Band-edge exciton states in AlN single crystals and epitaxial layers

The band-edge excitonic properties of AlN are investigated using low-temperature (1.7K) optical reflectance and transmission measurements of samples with various crystal orientations. The A, B, and C excitons are found to have energies of 6.025, 6.243, and 6.257eV in unstrained material, which shift with strain. The results are compared to a calculation of exciton energies and oscillator strengths to yield a crystal-field splitting of −230meV in unstrained AlN, in good agreement with previous ab initio calculations.

Synchrotron white beam topography characterization of physical vapor transport grown AlN and ammonothermal GaN

Structural defects in AlN single crystals grown by the sublimation method and GaN single crystals grown by the ammonothermal method are characterized by synchrotron white-beam X-ray topography in conjunction with optical microscopy. AlN platelets are either of (1120) or (0001) type depending on the growth conditions. Dislocation densities of the order of 10 3 cm -2 or lower are observed in some crystals. X-ray topographs reveal the presence of growth sector boundaries, inclusions, and growth dislocations that indicate slight impurity contamination. The 2H crystal structure of GaN single crystals obtained by the ammonothermal method was verified by Laue X-ray pattern analysis. GaN crystals grown are of the order of 1 mm in size and are either (0001) platelets or [0001] prismatic needles. Generally, prismatic needles are characterized by lower degree of mosaicity than (0001) platelets.
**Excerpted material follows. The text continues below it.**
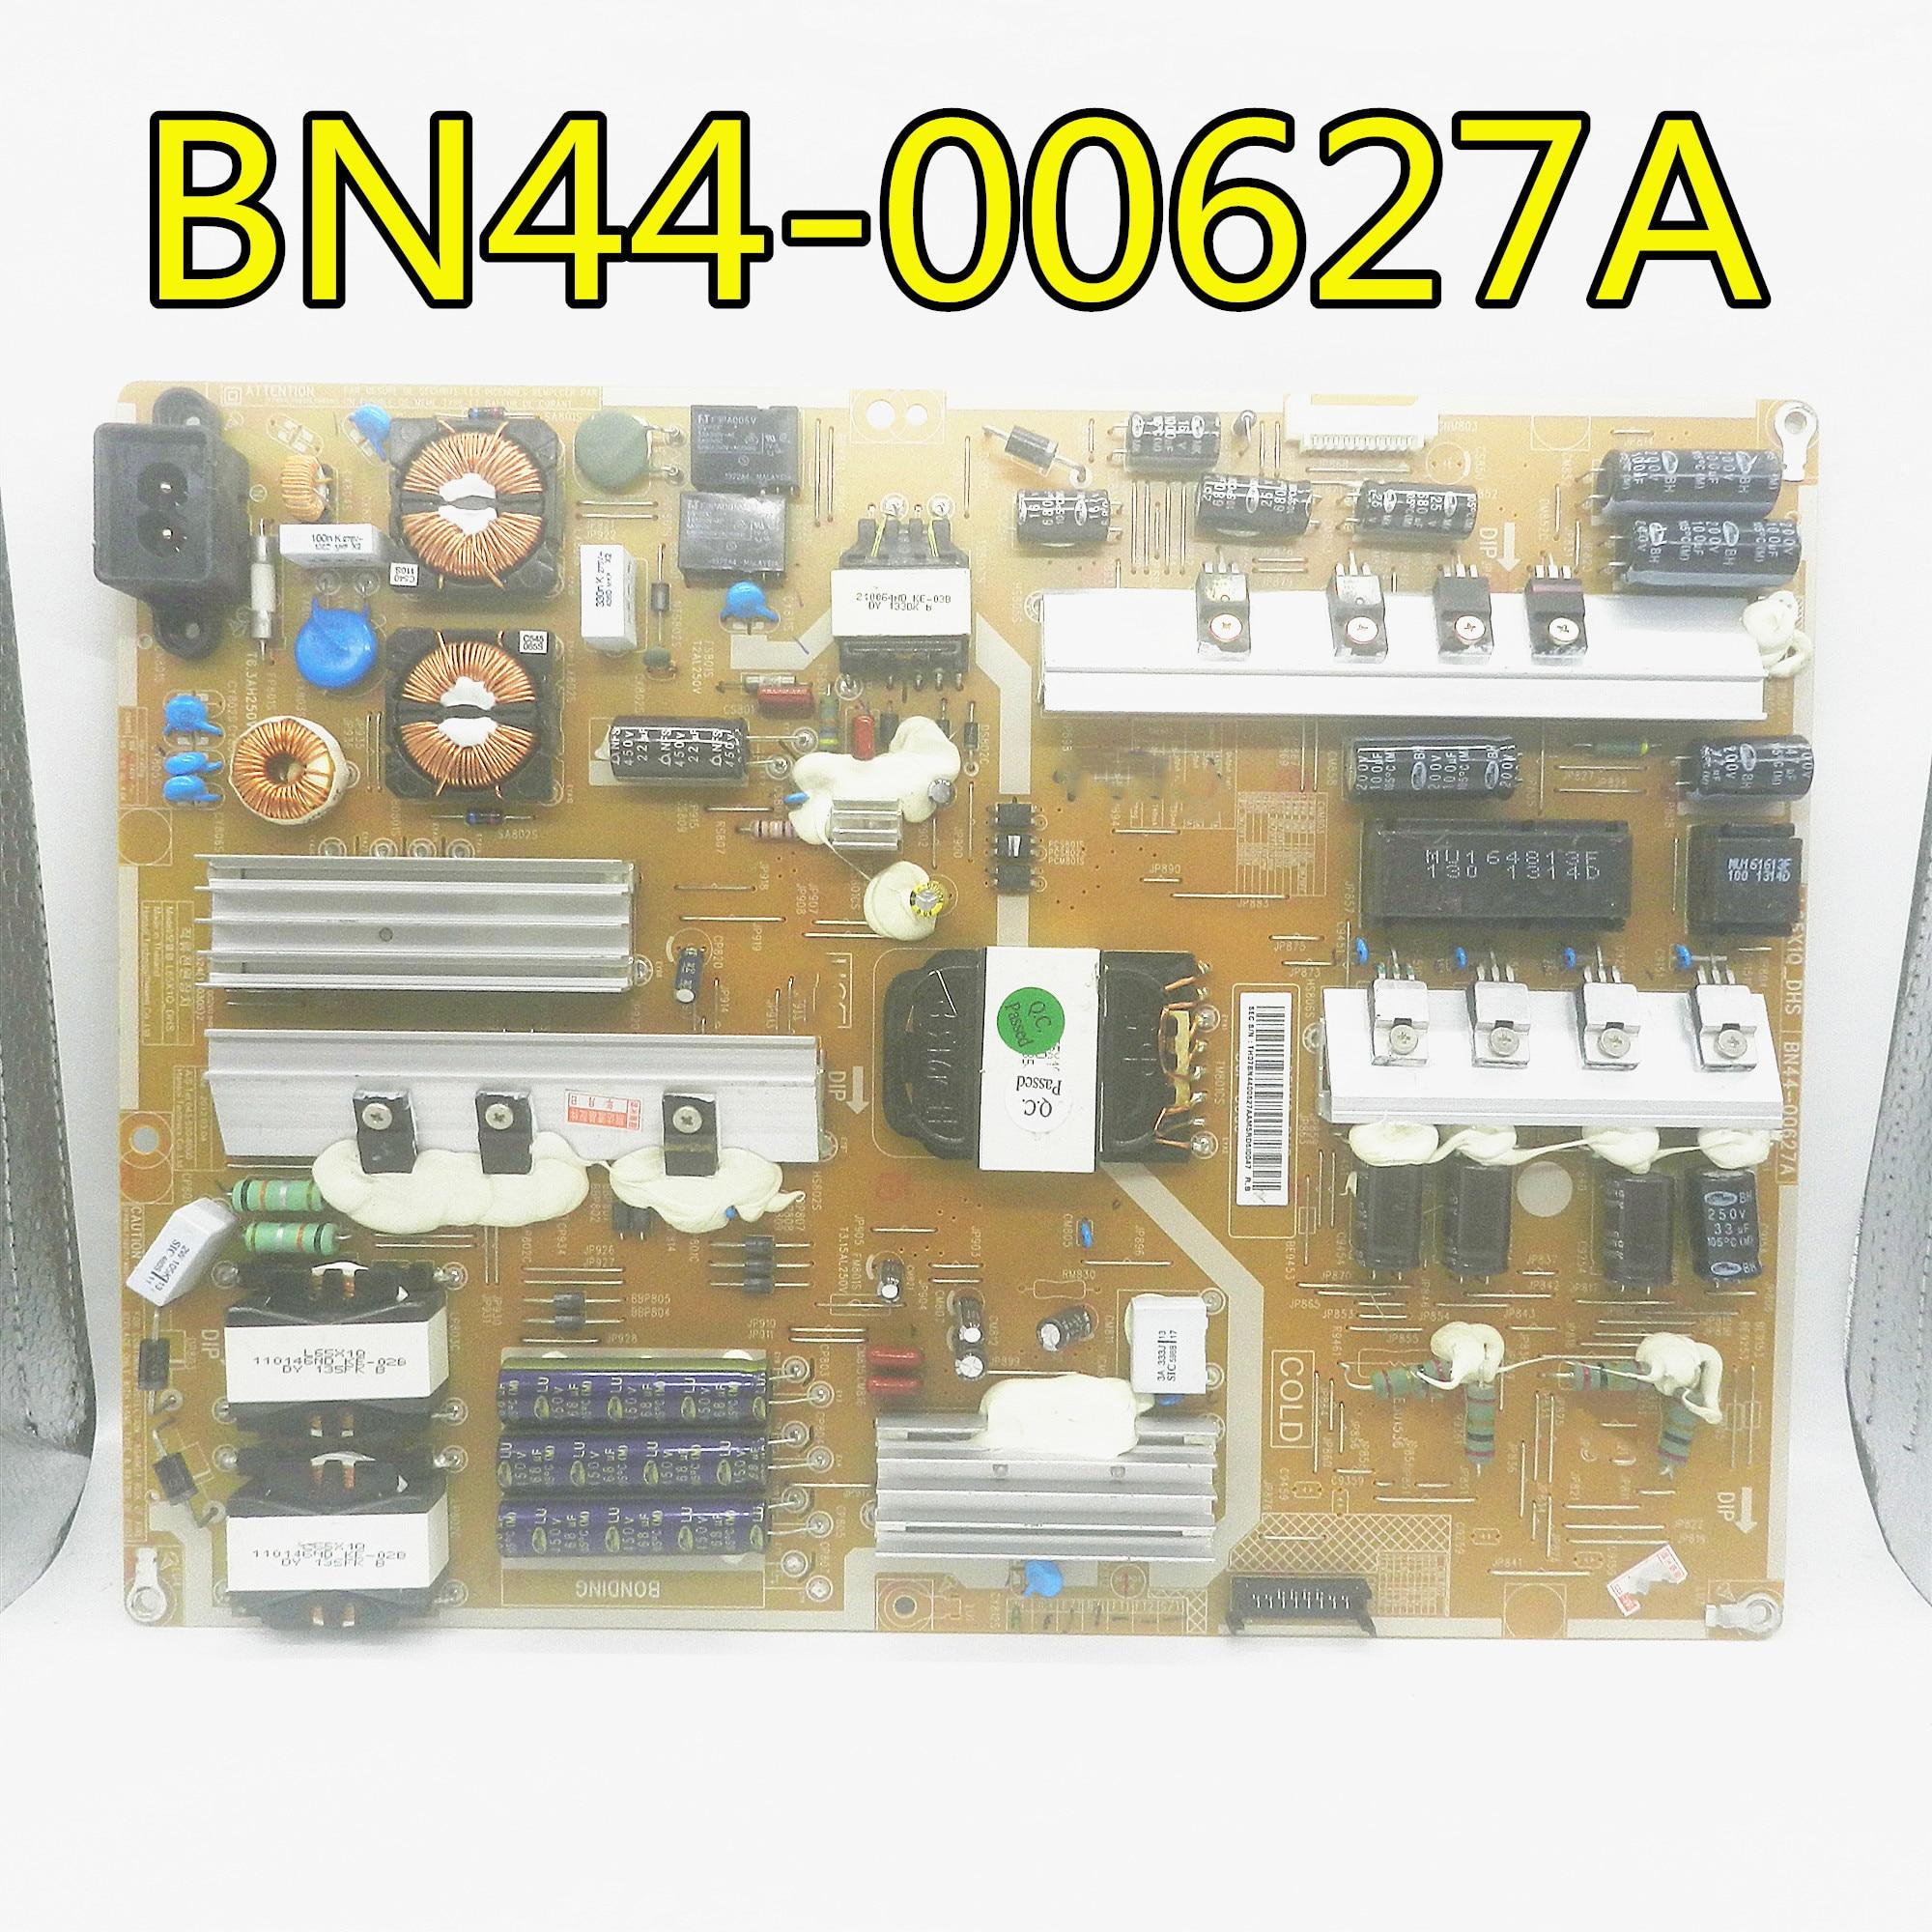 original 100% test for samgsung UA65F6400EJ BN44-00627A L65X1Q-DHS power boardoriginal 100% test for samgsung UA65F6400EJ BN44-00627A L65X1Q-DHS power board

Vacancy compensation and related donor-acceptor pair recombination in bulk AlN

A prominent 2.8 eV emission peak is identified in bulk AlN substrates grown by physical vapor transport. This peak is shown to be related to the carbon concentration in the samples. Density functional theory calculations predict that this emission is caused by a donor-acceptor pair (DAP) recombination between substitutional carbon on the nitrogen site and a nitrogen vacancy. Photoluminescence and photoluminescence-excitation spectroscopy are used to confirm the model and indicate the DAP character of the emission. The interaction between defects provides a pathway to creating ultraviolet-transparent AlN substrates for optoelectronics applications.